By stateless it means that the server does not store any state about the client session on the server side.
The client session is stored on the client. The server is stateless means that every server can service any client at any time, there is no session affinity or sticky sessions. The relevant session information is stored on the client and passed to the server as needed.
That does not preclude other services that the web server talks to from maintaining state about business objects such as shopping carts, just not about the client's current application/session state.
The client's application state should never be stored on the server, but passed around from the client to every place that needs it.
That is where the ST in REST comes from, State Transfer. You transfer the state around instead of having the server store it. This is the only way to scale to millions of concurrent users. If for no other reason than because millions of sessions is millions of sessions.
The load of session management is amortized across all the clients, the clients store their session state and the servers can service many orders of magnitude or more clients in a stateless fashion.
Even for a service that you think will only need in the 10's of thousands of concurrent users, you still should make your service stateless. Tens of thousands is still tens of thousands and there will be time and space cost associated with it.
Stateless is how the HTTP protocol and the web in general was designed to operate and is an overall simpler implementation and you have a single code path instead of a bunch of server side logic to maintain a bunch of session state.
Statelessness means that every HTTP request happens in complete isolation.
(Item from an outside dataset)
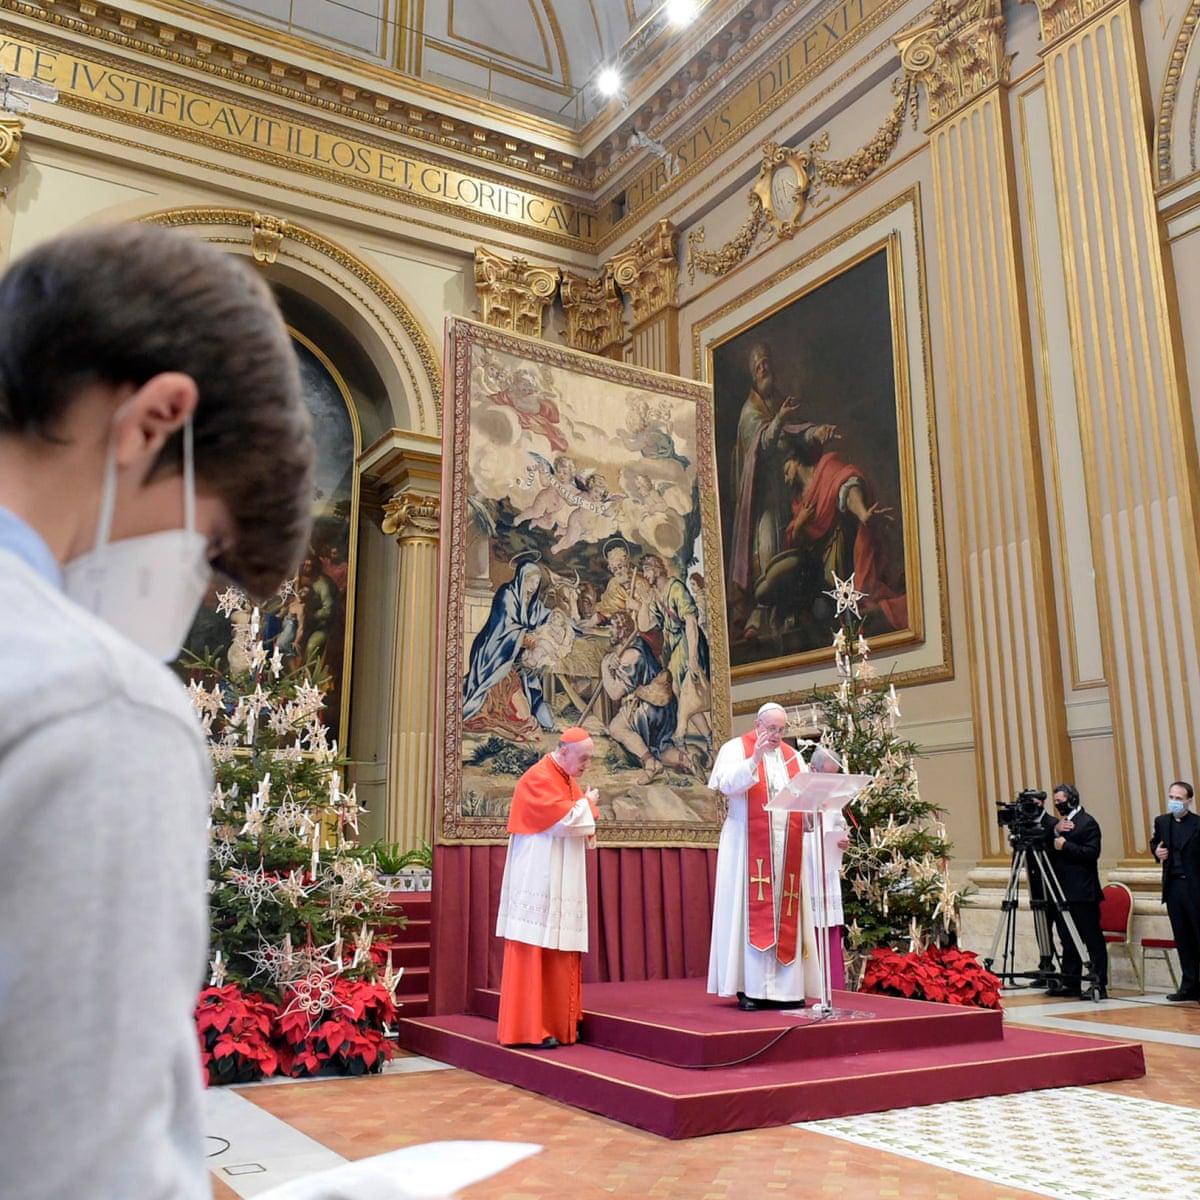 Pope Francis does not read his Christmas message in the usual way

When the client makes an HTTP request, it includes all information necessary for the server to fulfill that request. The server never relies on information from previous requests. If that information was important, the client would have sent it again in this request. Statelessness also brings new features. It’s easier to distribute a stateless application across load-balanced servers. A stateless application is also easy to cache.
There are actually two kinds of state. Application State that lives on the client and Resource State that lives on the server. A web service only needs to care about your application state when you’re actually making a request. The rest of the time, it doesn’t even know you exist. This means that whenever a client makes a request, it must include all the application states the server will need to process it. Resource state is the same for every client, and its proper place is on the server. When you upload a picture to a server, you create a new resource: the new picture has its own URI and can be the target of future requests. You can fetch, modify, and delete this resource through HTTP. Hope this helps differentiate what statelessness and various states mean.